- Theatrical release poster
- Directed by: Vincent Sherman
- Screenplay by: Agnes Christine Johnston
- Based on: Janie 1942 play by Josephine Bentham Herschel V. Williams, Jr.
- Produced by: Alex Gottlieb
- Starring: Joan Leslie Robert Hutton Edward Arnold Ann Harding Robert Benchley Dorothy Malone
- Cinematography: Carl E. Guthrie
- Edited by: Christian Nyby
- Music by: Friedrich Hollaender
- Color process: Black and white
- Production company: Warner Bros. Pictures
- Distributed by: Warner Bros. Pictures
- Release date: June 22, 1946;
- Running time: 89 minutes
- Country: United States
- Language: English

= Janie Gets Married =

1946 film by Vincent Sherman

Janie Gets Married is a 1946 American comedy film directed by Vincent Sherman, and written by Agnes Christine Johnston. The film stars Joan Leslie, Robert Hutton, Edward Arnold, Ann Harding, Robert Benchley, and Dorothy Malone. The film was released by Warner Bros. Pictures on June 22, 1946.

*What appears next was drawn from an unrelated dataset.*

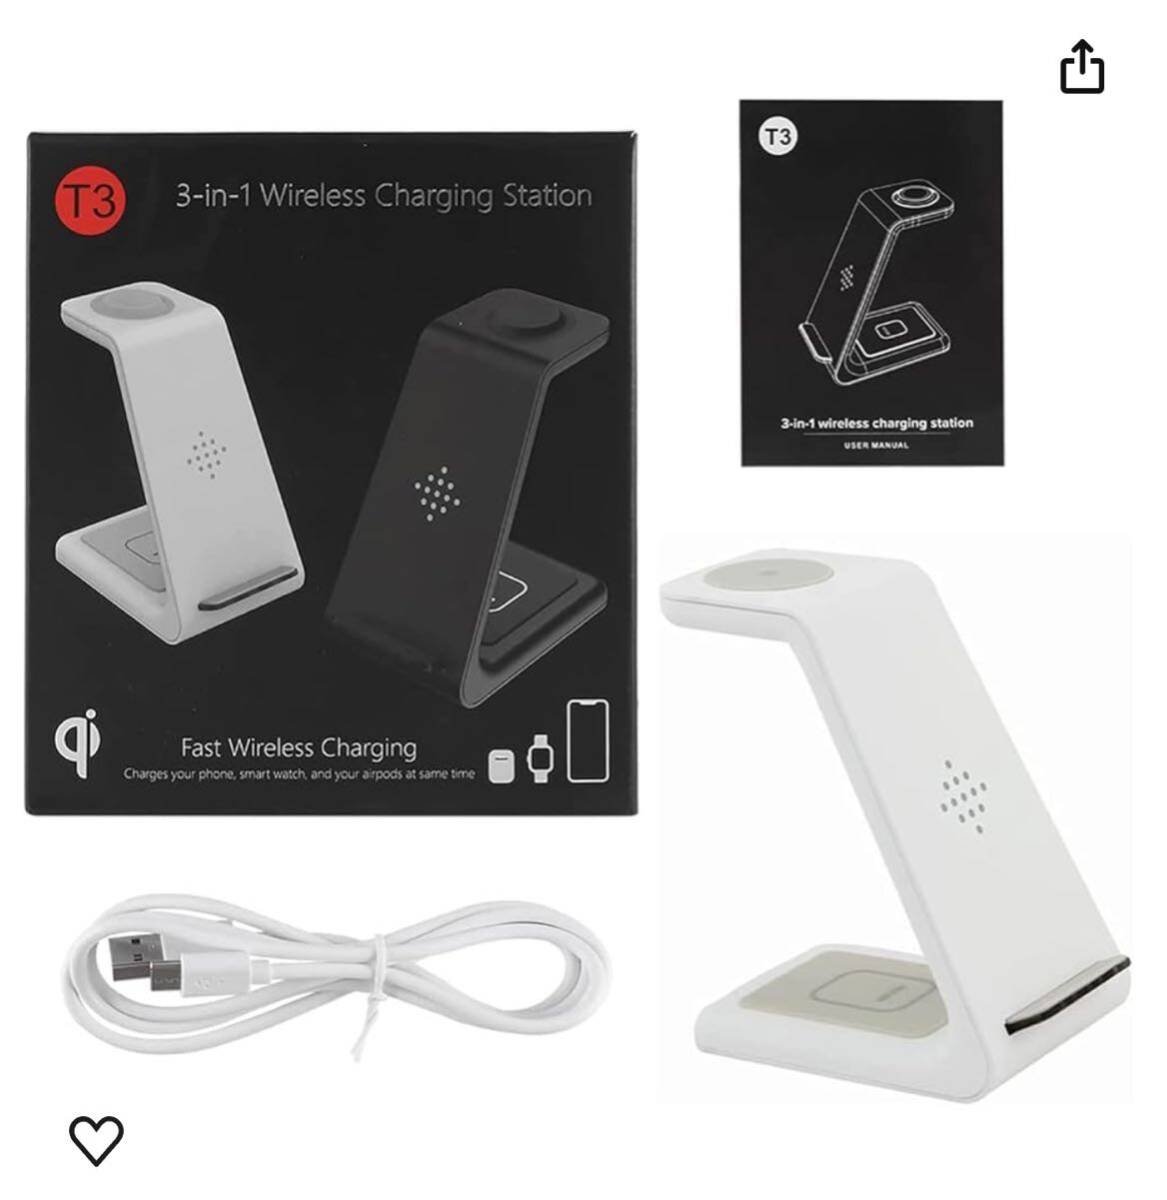 UMEMORY 3-in-1 Wireless Charging Station ワイヤレス充電器 黒_画像8

This is a sequel to 1944's Janie. Hutton, Arnold, Harding, and Benchley reprise their earlier roles, but Leslie replaces actress Joyce Reynolds in the title role.

==Plot==
Dick Lawrence returns home from the Army and agrees to marry sweetheart Janie Conway, despite a month-to-month marital contract she has drawn up. Dick is also unaware that Janie is scheming to advance his career at her father Charles Conway's newspaper.

Janie doesn't mind the arrival of soldier acquaintance "Spud" until it turns out Spud is an attractive former WAC. Things get further complicated when Spud is invited by Dick to spend a few days at their home, and when Janie's tomboy sister Elsbeth threatens to tell Dick what's really going on at the newspaper.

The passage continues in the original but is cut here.